# Thread: calculating acceleration from coefficient of friction

1. ## calculating acceleration from coefficient of friction

The floor of a railroad flatcar is loaded with loose crates having a coefficient of static friction of 0.40 with the floor. If the train is initially moving at a speed of 52 km/h, in how short a distance can the train be stopped at constant acceleration without causing the crates to slide over the floor?

2. net force on the crates while stopping will be provided by $F_s$.

the max net force possible would then be $F_{smax} = \mu m g = ma_{max}$

so ... $a_{max}$ has magnitude $\mu g$

using the "no time" kinematics equation ...

$\Delta x = \frac{v_f^2 - v_0^2}{2(-\mu g)}$

3. how would you use it in this situation though?

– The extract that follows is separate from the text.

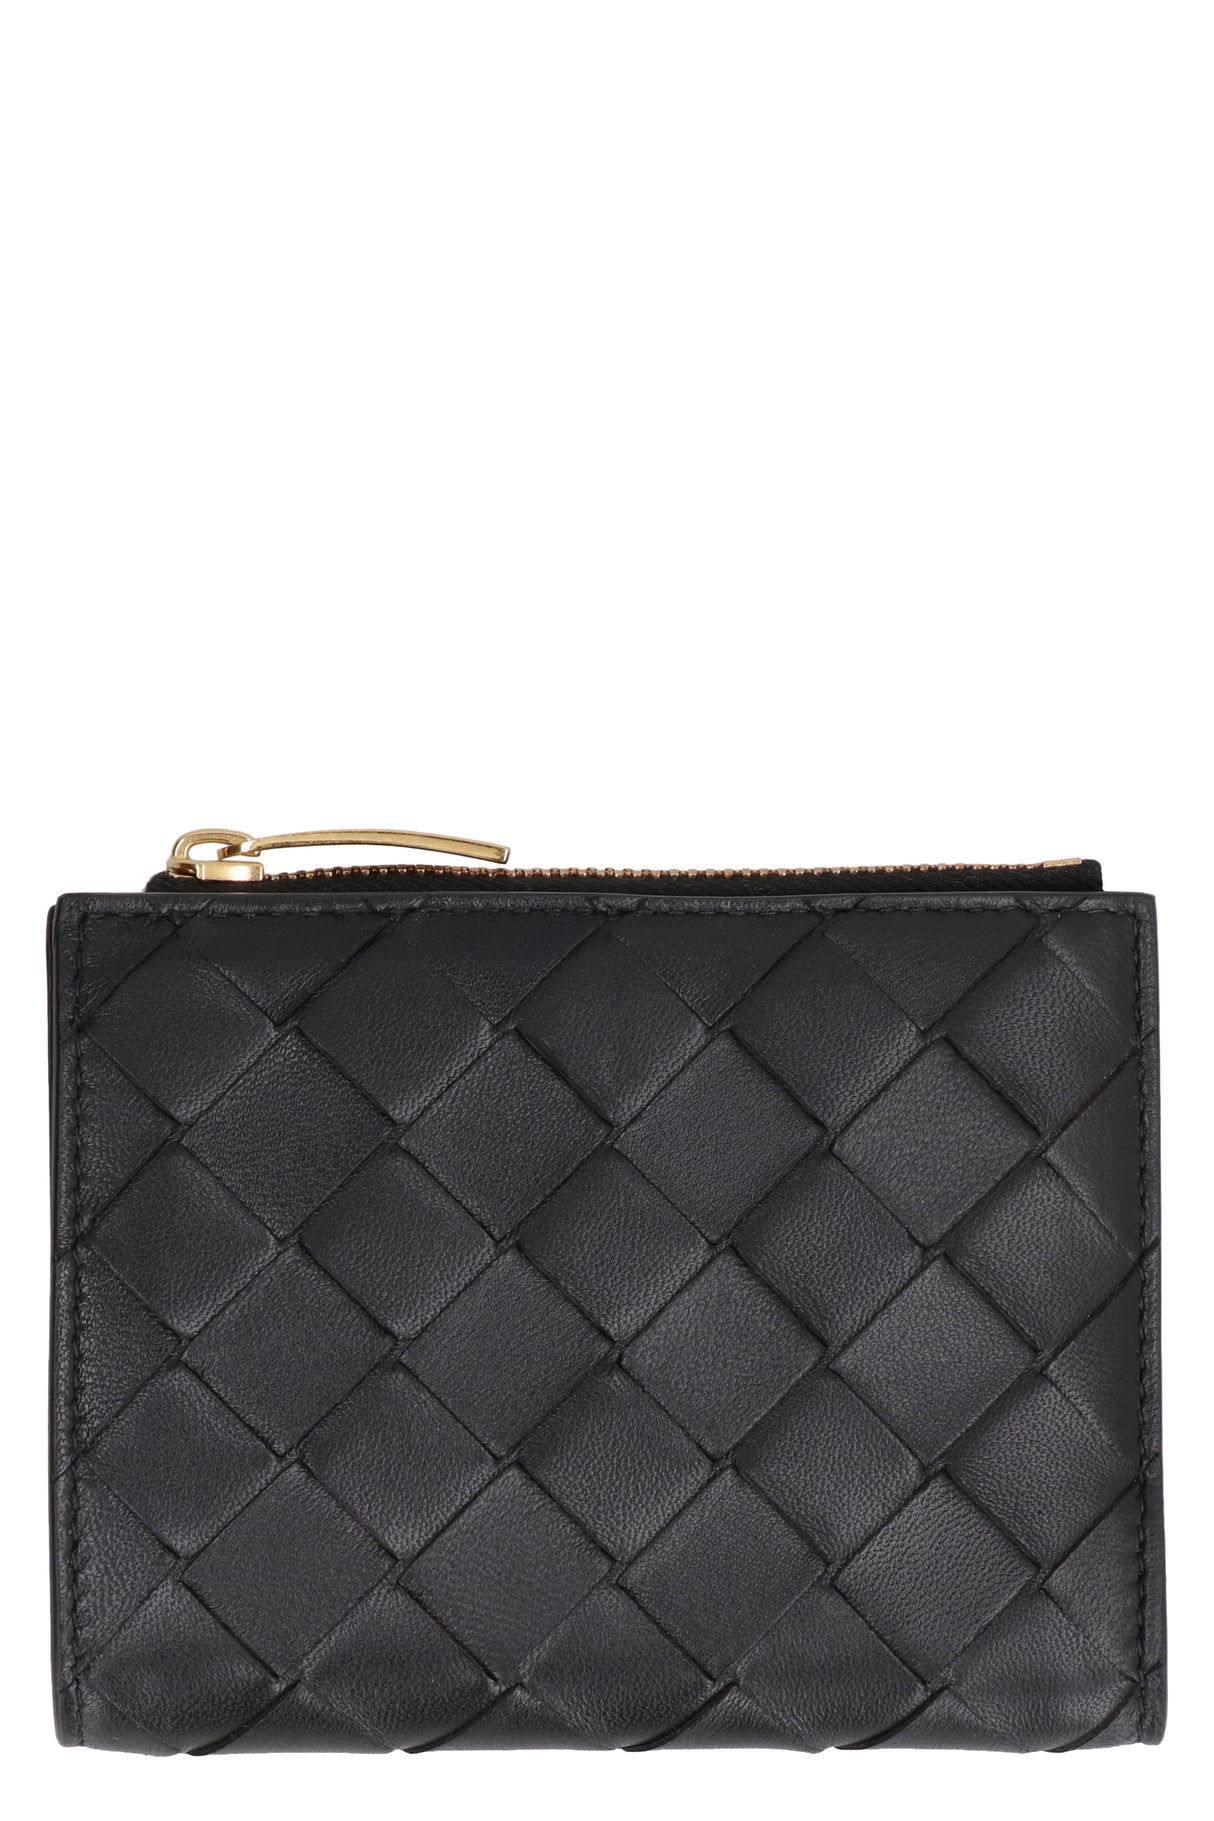 BOTTEGA VENETA Classic Black Leather Wallet with Intrecciato Motif and Multiple Compartments for Women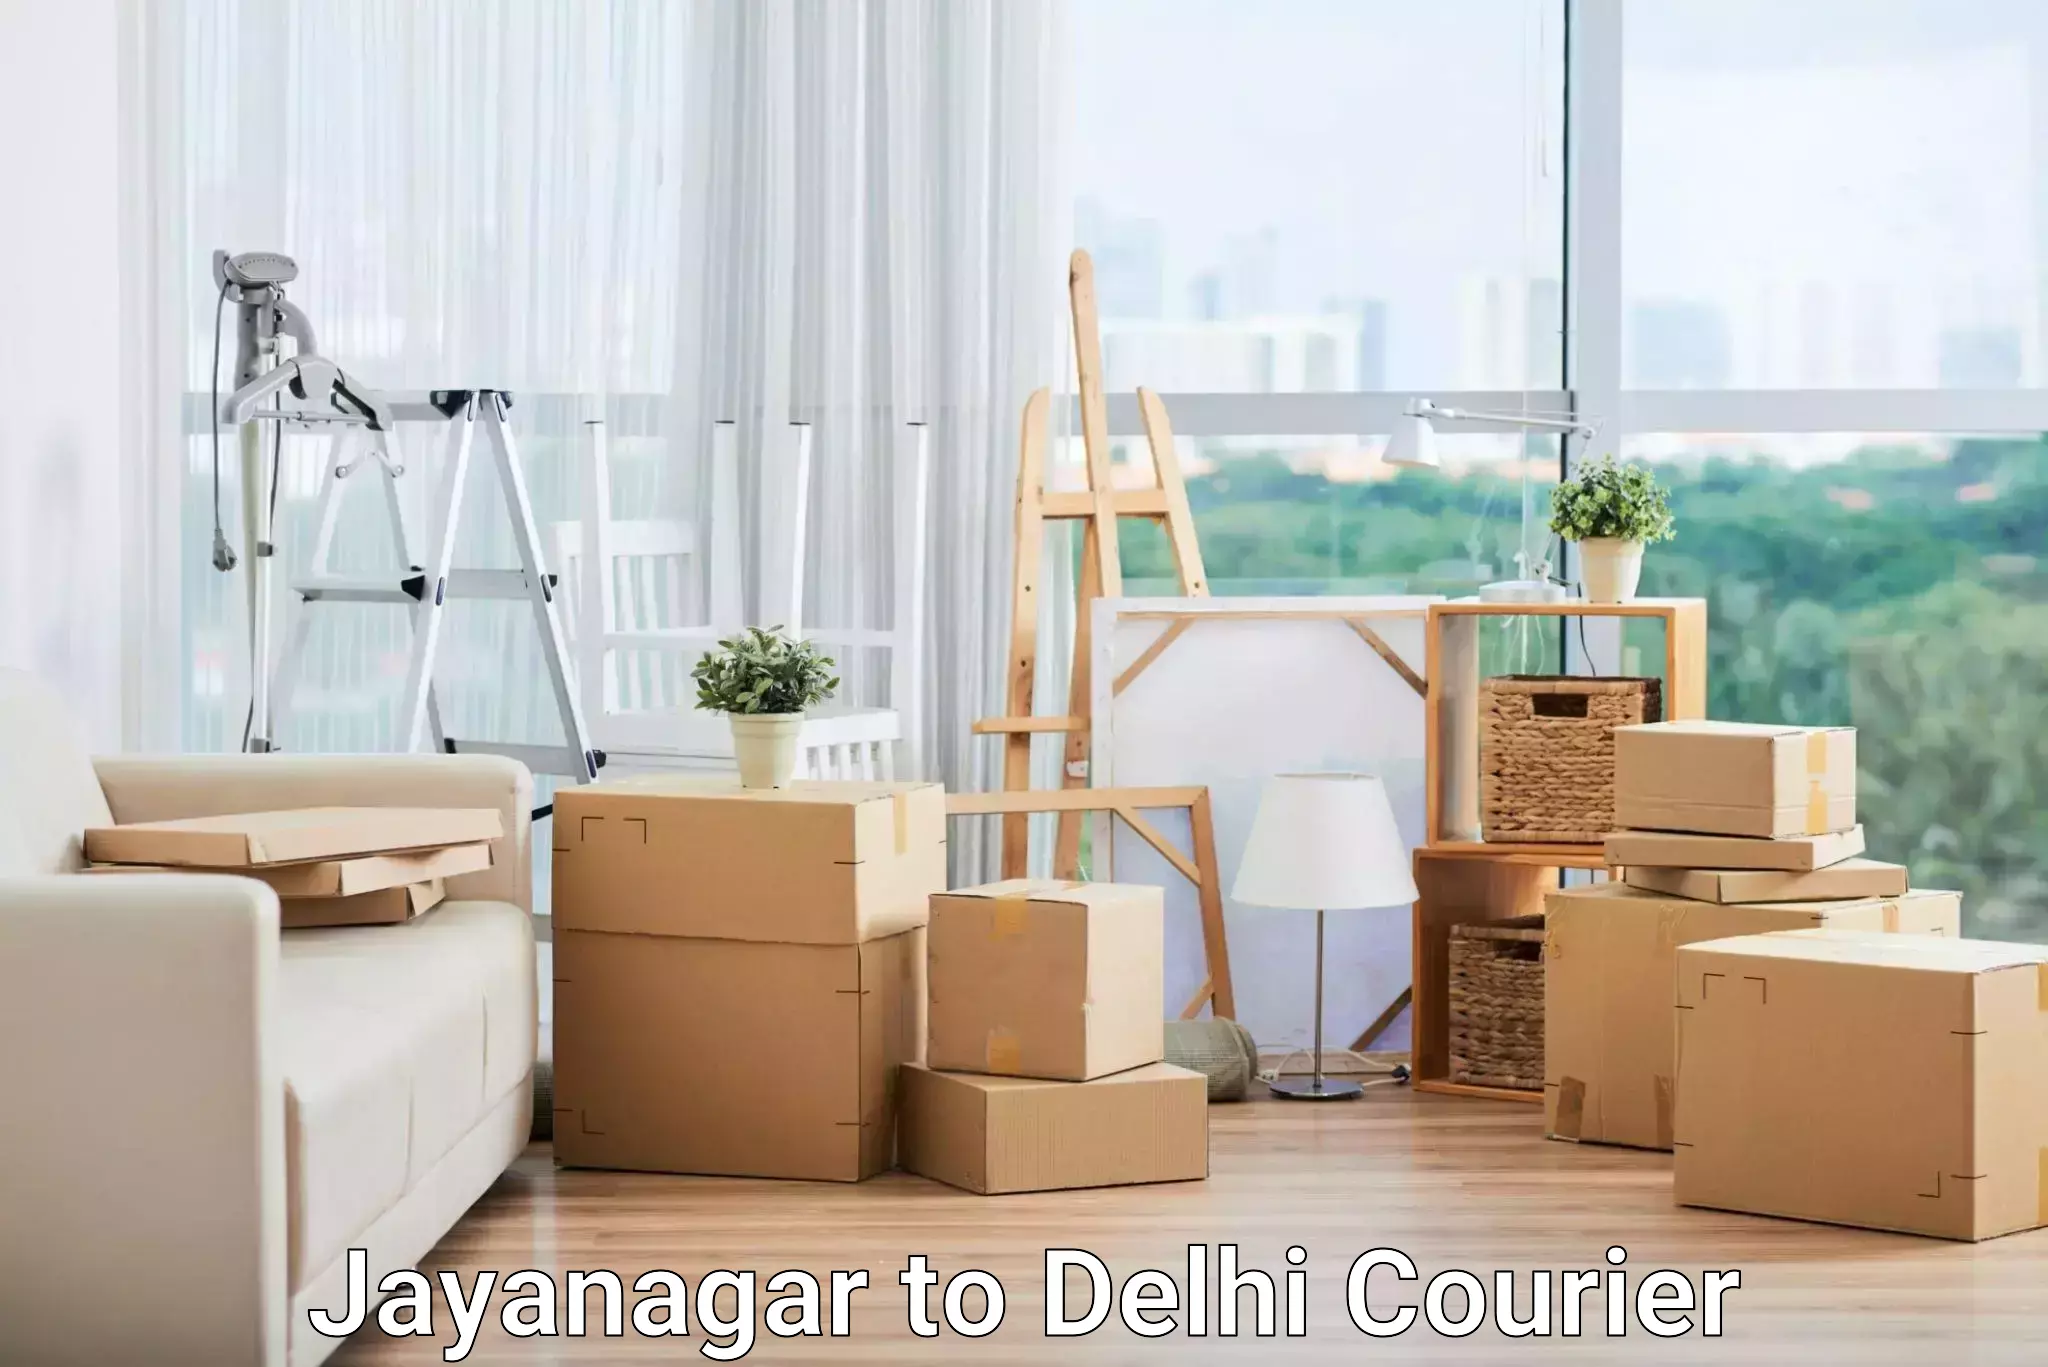 Global logistics network Jayanagar to East Delhi

4. Originally Posted by winterwyrm
how would you use it in this situation though?
The same way skeeter did it. You know the maximum force that friction can have from $f_s = \mu _s N = \mu _s mg$. (Igonre, for the moment that we don't know the mass.) Then using Newton's 2nd Law we get that the maximum acceleration the block can take without sliding is $\sum F = f_s = ma$. Now the mass cancels out so we don't have to worry about it. Thus we get $a = \mu _s g$.

-Dan